Cold and white was she as the snow. Alastair bent, kissed her lips, but was so wrought by his vision that he did not notice the chill of them, nor see the blue shadow in the pallor of the face.
"Ah, mÙirnean, mo mÙirnean, see, I will carry you," he murmured suddenly.
He stooped, lifted the beautiful dead body he had loved so well, and, staggering beneath the weight, half carried, half dragged it to the snow-slope beyond the door. Gently he placed Lora down. Then, going for and returning with a deer-skin, laid her upon it, and sat down beside her.
For a brief while, he waited patiently for her awakening. Then his eyes wandered again, now fixed upon the majesty of the sea, reaching intolerably grand from endless horizons to horizons without end; now upon the immense dome of the sky, where, amid the deepest blue, high in the north-west the moon turned a disc of pale gold out of an almost imperceptible flush, and confronted the flashing, blazing sunfire that, in the south-east, moved swiftly upward.
Suddenly he leaned forward; his lips parted; his eyes agleam with the inner flame that consumed him.
"Lora ... Lora, my fawn," he whispered. "Look! The gates are opening! Dear, all is well at the last. God has given me back to you. My trouble is healed. Speak to me, dear; too great is my happiness!"
No sound: no movement of the hands: no stir of the closed eyelids.
"Lora!"
It was strange.
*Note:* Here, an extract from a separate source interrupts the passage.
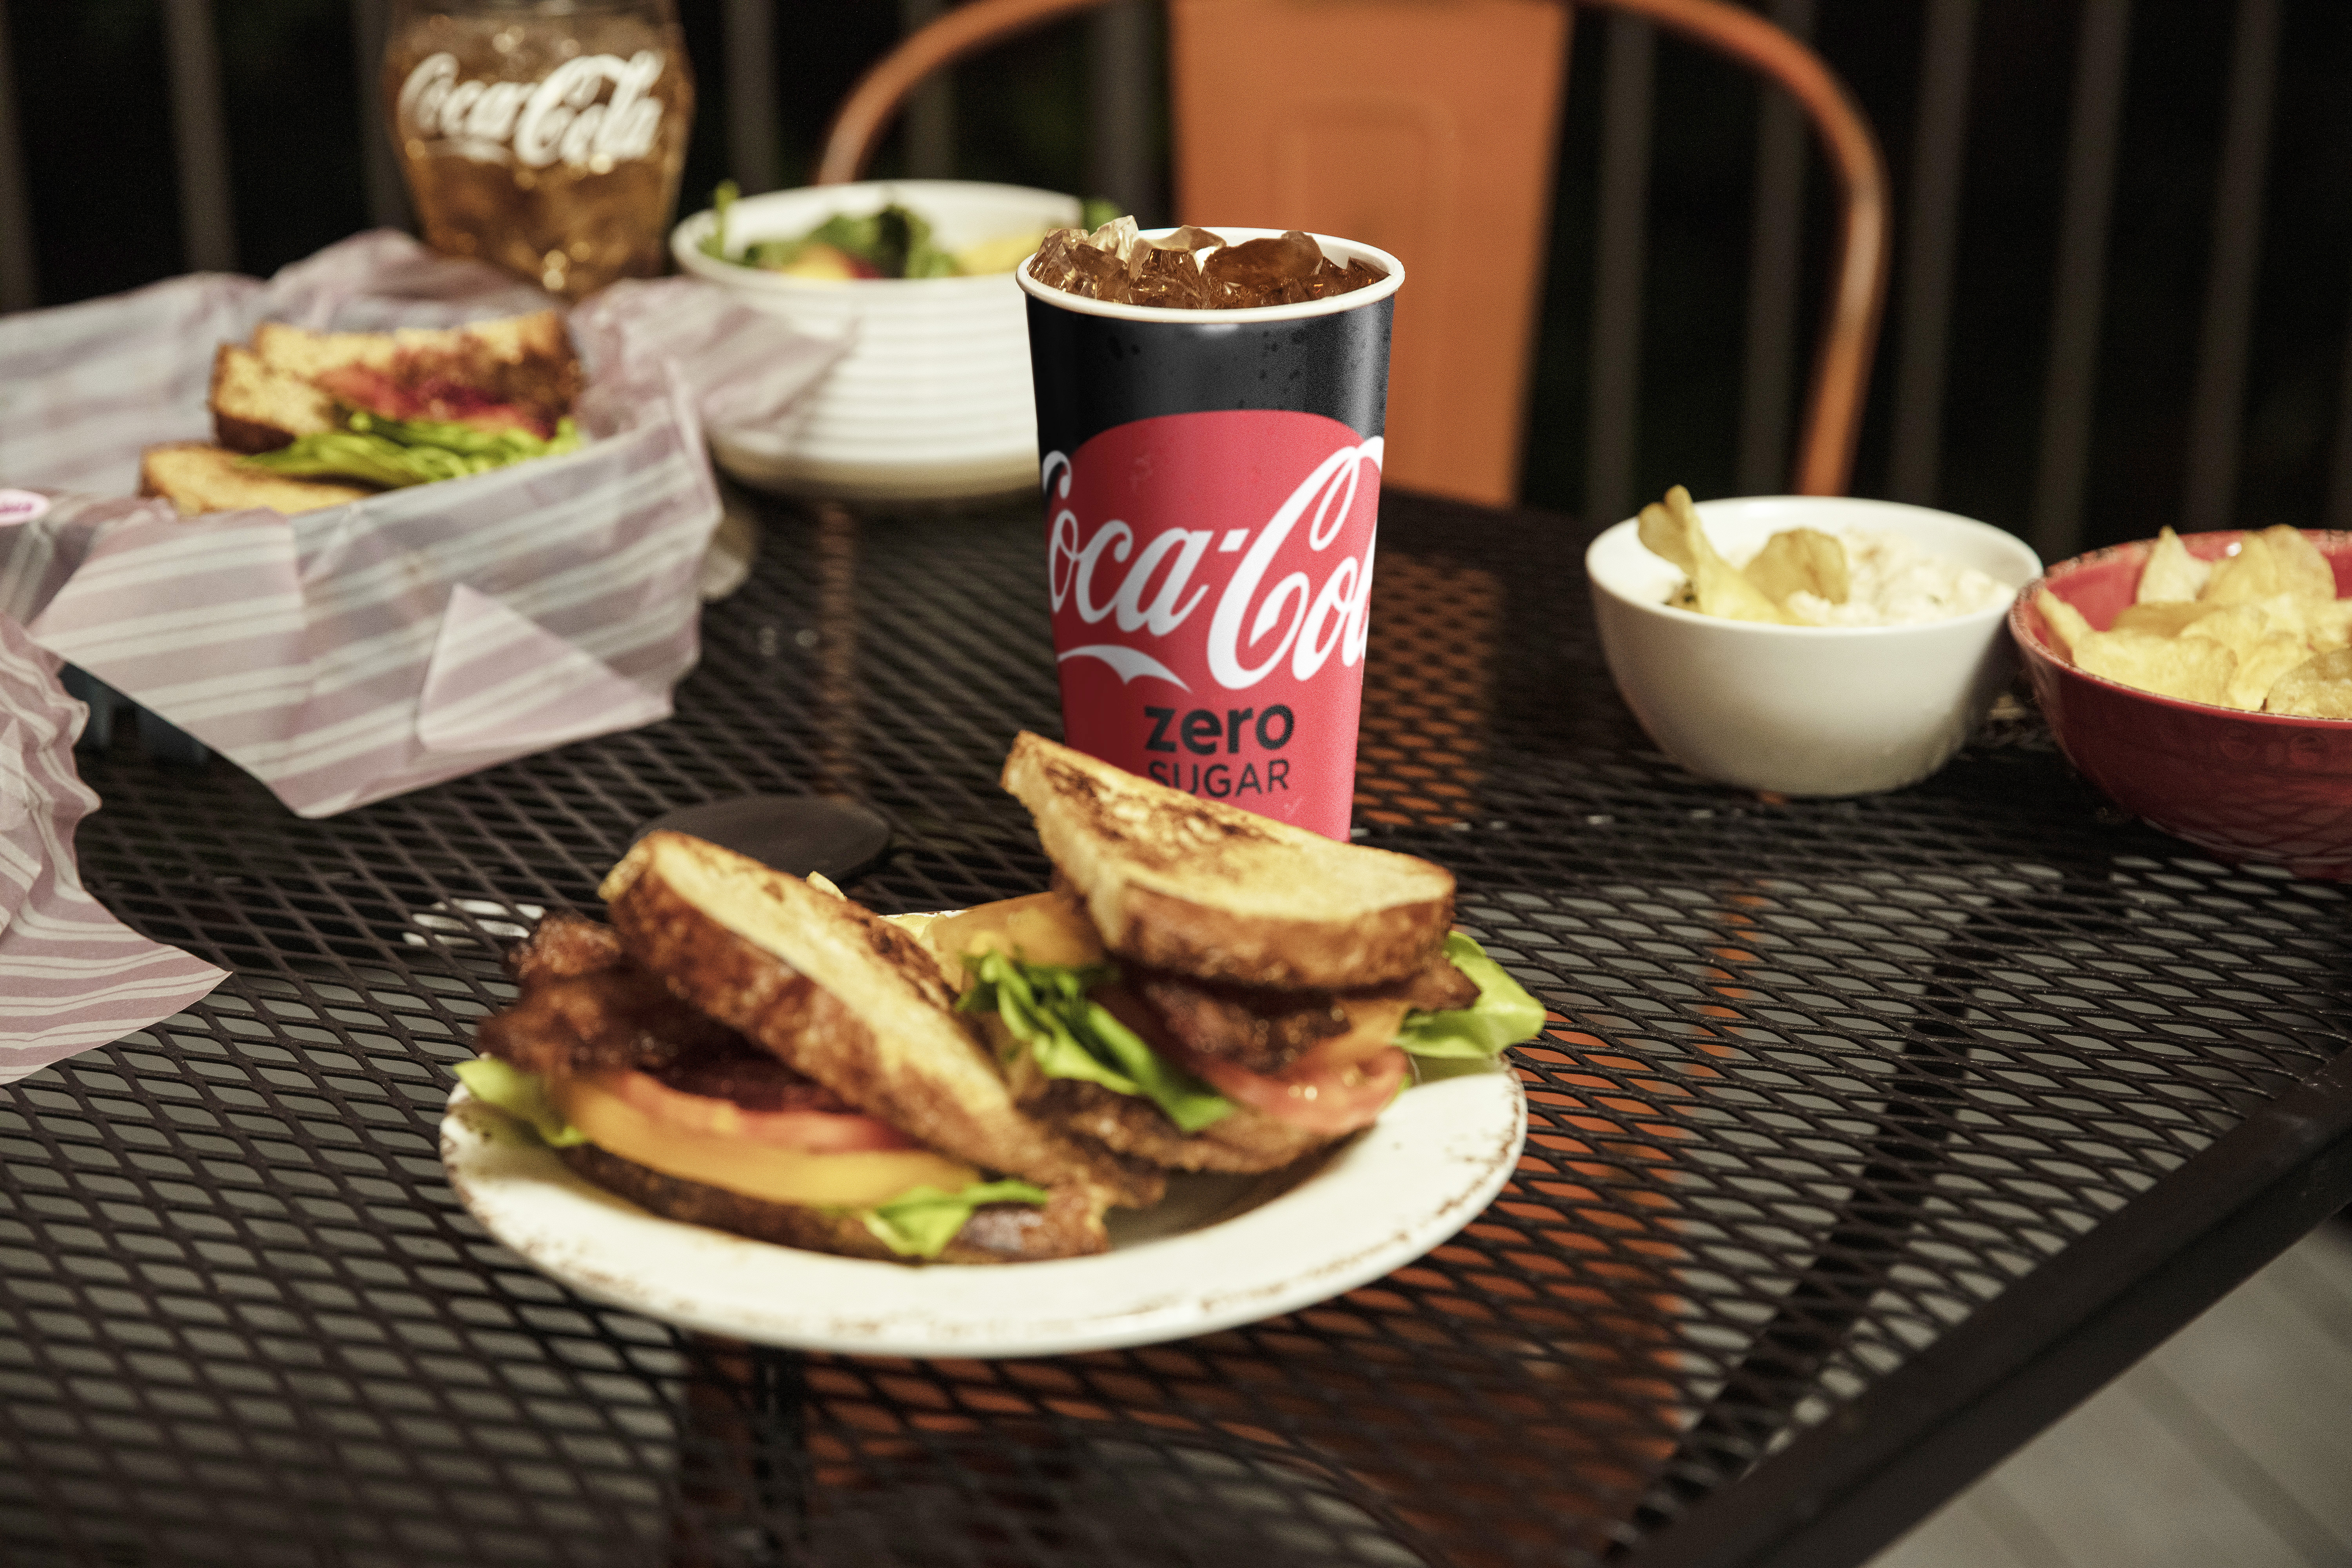 A dinner table topped with sandwiches, chips, and glasses of Coca-Cola soda.

But he would be patient.
Idly he watched a small, grey snow-cloud passing low above the island.
A warm breath reached the heart of it, and set the myriad wings astir. Down, straight down above the isle and for a few fathoms beyond it, they fluttered waveringly.
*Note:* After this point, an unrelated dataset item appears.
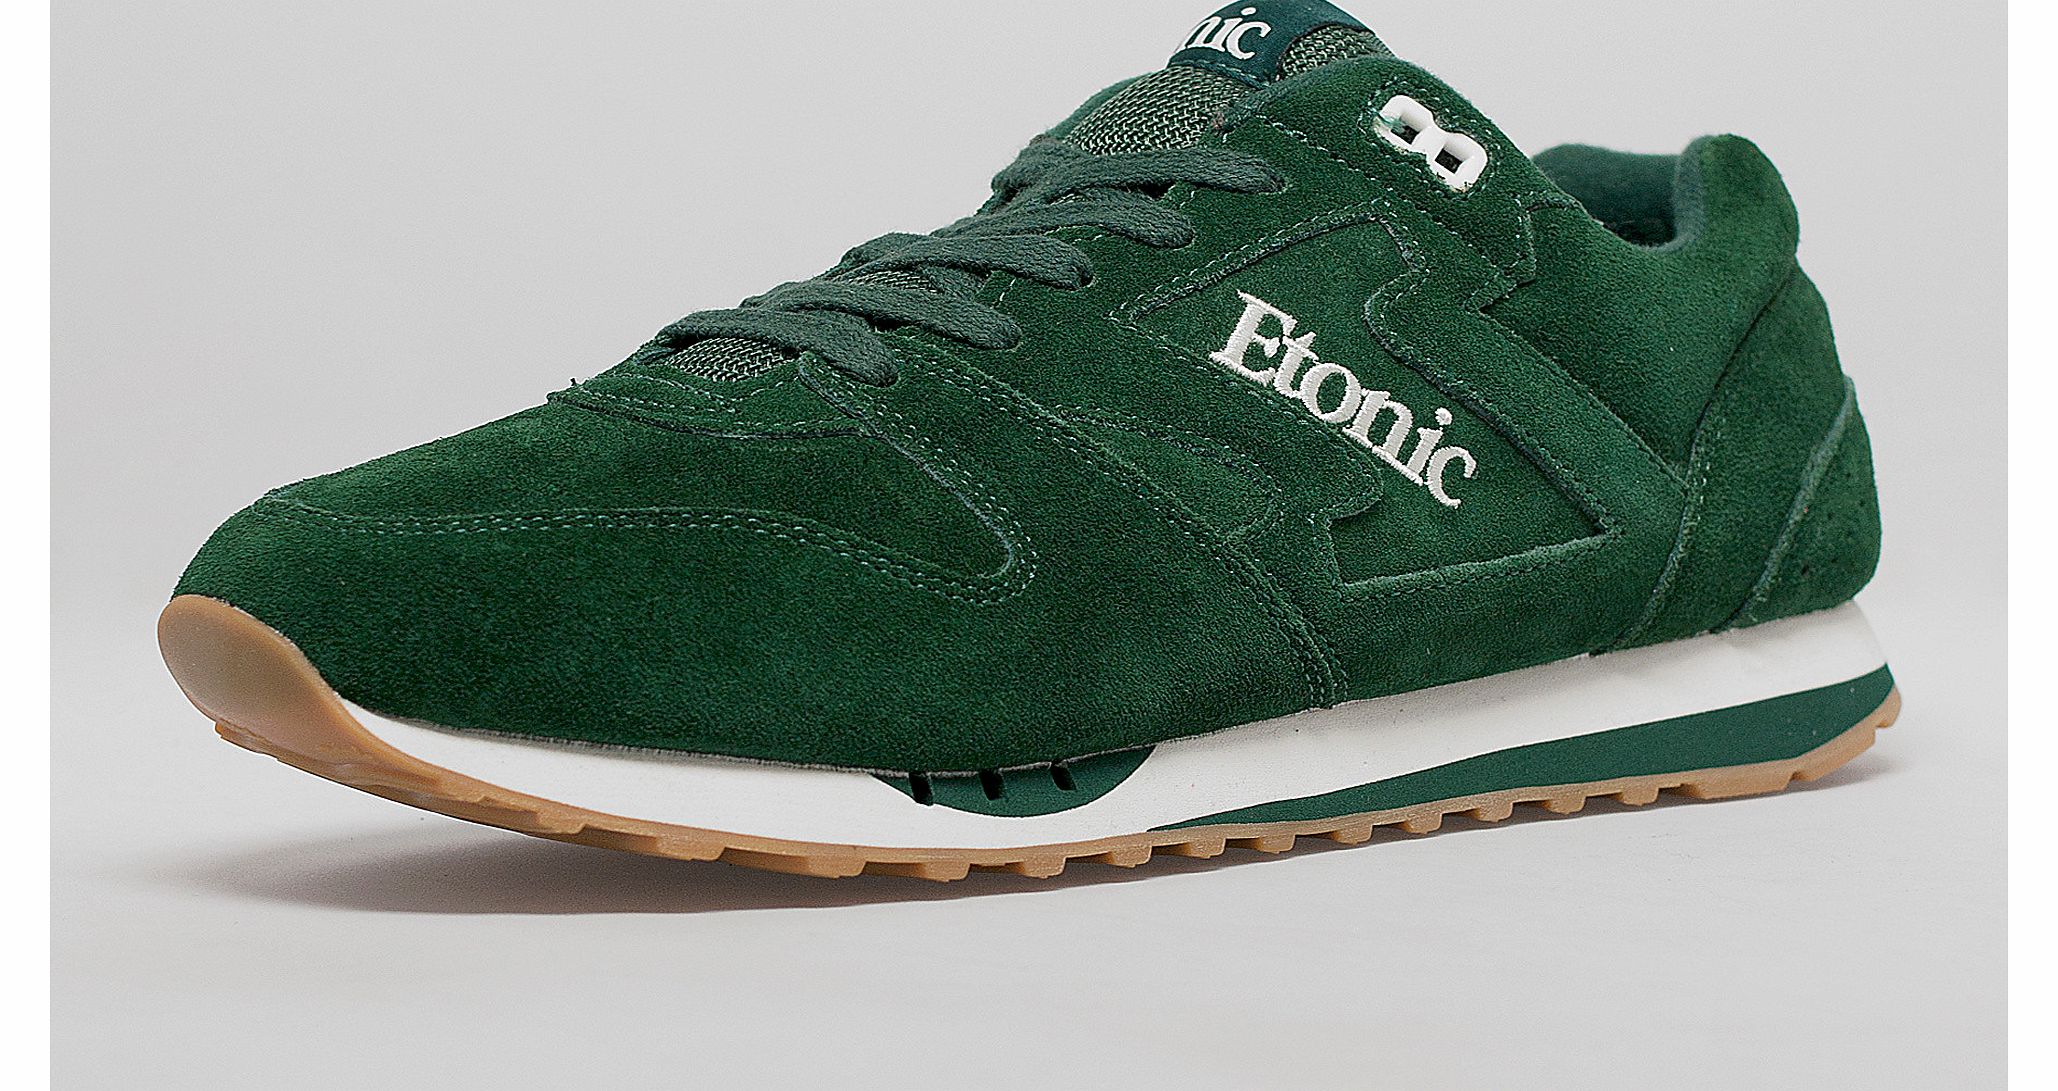 Etonic Trans AM Suede Collection

The fall was like a veil suspended over Ithona: a veil so thin, so transparent, that the sky was visible through it as an azure dusk; and beneath it, the sea as a blue-flowing lawn whereover its skirts trailed; while behind it, the rising sunfire was a shimmer of amber-yellow that made every falling flake glisten like burnished gold. The wind was utterly still; the sky cloudless, but for that thin, evanishing veil of dropping gold.
The sea lay breathing in a deep calm all around the isle. But, from its heart that never slumbers, rose as of yore, and for ever, a rumour as of muffled prophesyings, a Voice of Awe, a Voice of Dread.